Characteristics of Tragedy 1. Tragic Hero : almost always fundamentally good, a capable person, somehow humanly significant. First, he is almost never so evil in his principles or his behavior. Second, he is capable, powerful, clever enough, or determined enough. Third, he is significant – representing man kind in some way.

2. Tragic action (plot) : a causal series of events. The plot of tragedy, however, is clearly emphatically causal. The events move in a progression governed fundamentally and obviously by causation: the sequence of events is necessary, even inevitable, in the long run. This necessity is determined by a number of different kinds of things: by the character of the hero, circumstances, or forces peculiar to the particular hero.

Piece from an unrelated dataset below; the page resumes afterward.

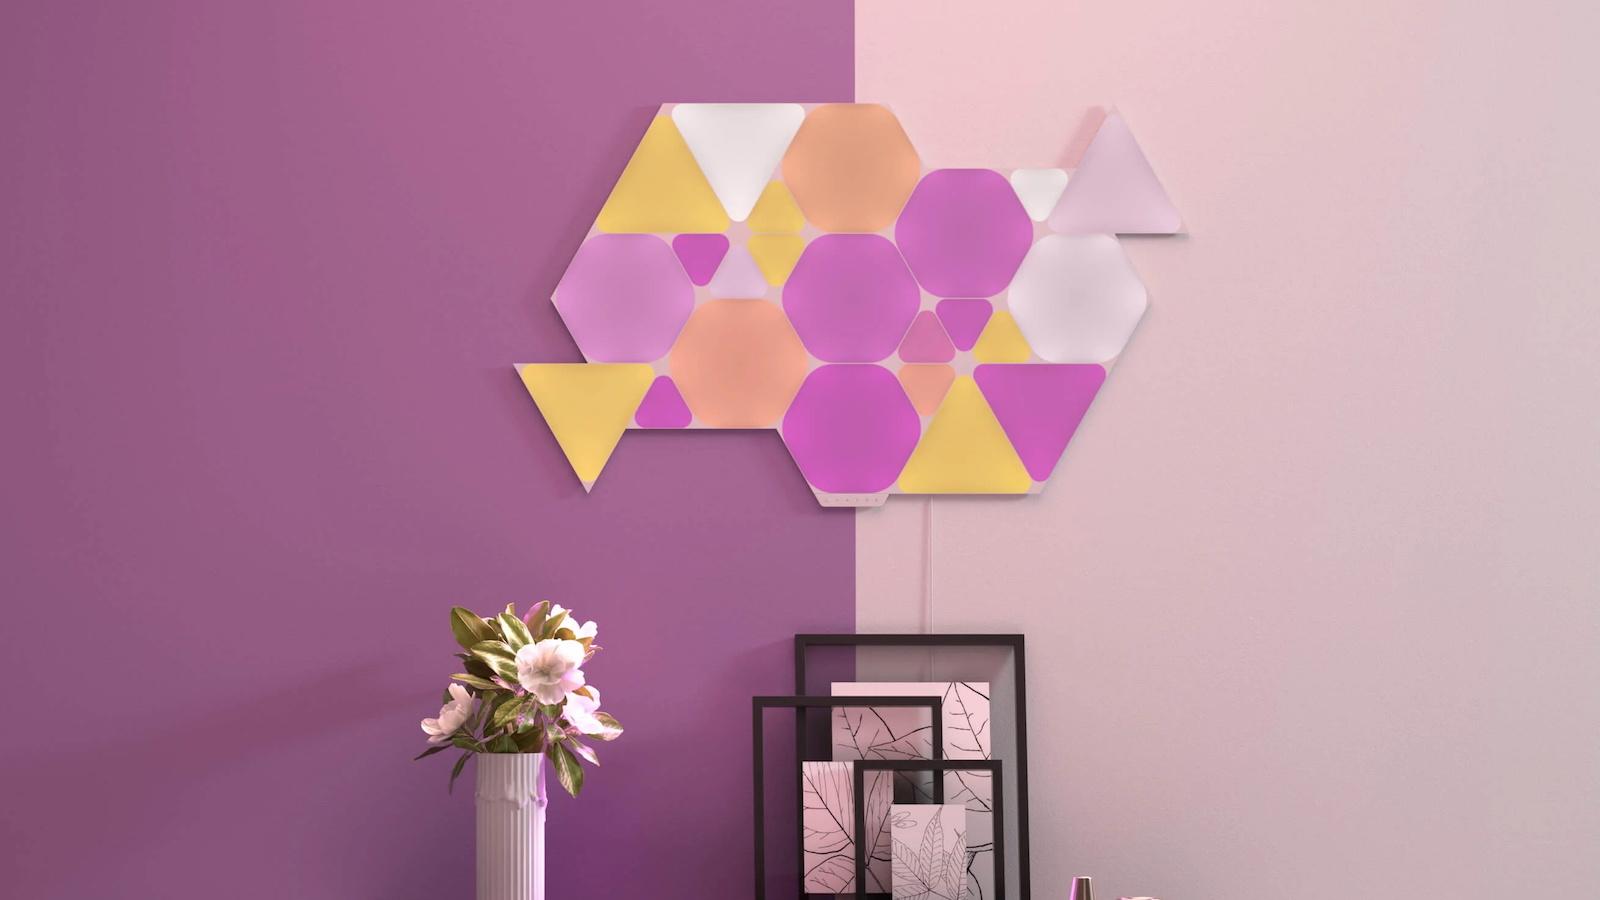 Nanoleaf Shapes modular smart wall decor lets you discover limitless lighting

3. Tragic Irony: • The overt expression of a contrast between appearances and reality; the opposite of what we mean in order to intensify our meaning, by inversion. • Blessings disguised as misfortune, apparent strokes of luck that turn out to be curses. • The story of a fundamentally admirable and competent who comes to grief; he seems destined to success but it is actually doomed to failure. • The hero inevitably acts rightly, does what he has to do, or feels that he is doing so, yet to no avail.

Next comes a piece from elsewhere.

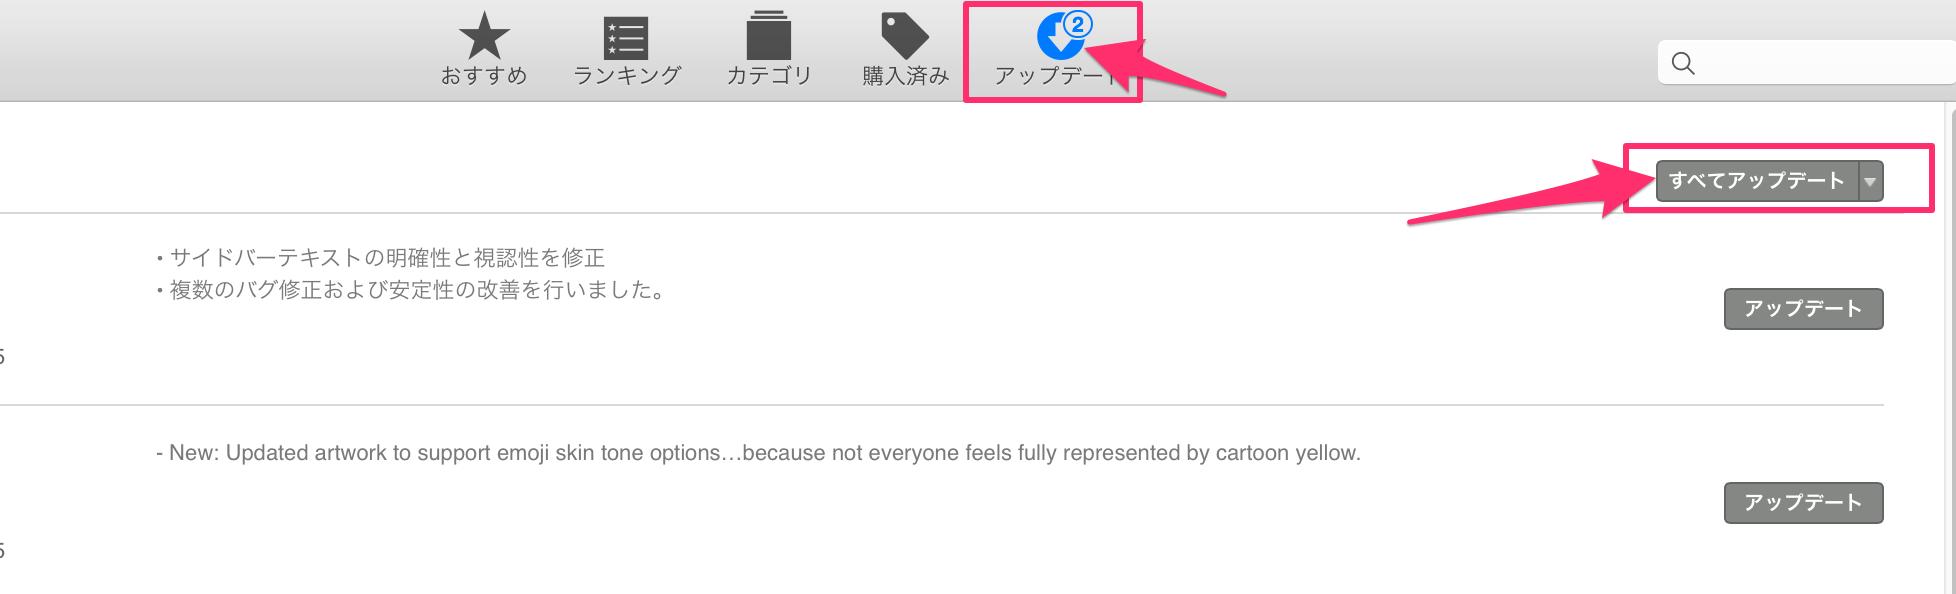 macのアプリケーションを最新版にアップデート

4. Tragic Flaw : • Flaw, error, or defect in the tragic hero which leads to the hero’s downfall. • Harmatia : error, frailty, mistaken judgment, or misstep through which the fortune of the hero of a tragedy are reversed. • Hubris or hybris : overweening pride which results in the misfortune of the protagonist. • Macbeth (excessive ambition); Hamlet( fatal indecision); King Lear (hubris)

5. Tragic Rhythm of Action : Purpose – Passion – perception • The spiritual content of the play is tragic action; it is in its essence zweideutig (ambivalent): triumph and destruction; darkness and enlightenment; mourning and rejoicing. • This movement constitutes the shape of the play as a whole; it is also the shape of each episode, each discussion between principals with the chorus following. • Poiema (purpose)- Pathema (suffering) – Mathema (perception)

Varying Conceptions of Tragedy • Classical Tragedy Hero : noble or royal blood (aristocracy) • Structure : fall from eminence to baseness; • Unities of action, time, and place • Cause of hero’s defeat : fate

• English Renaissance – Modern • Hero : a commoner (modern); • Miracle plays : the whole history of the world from creation to Doomsday. • Shakespeare’s play (A & C) : covers several years and switches from Rome to Egypt and back several times.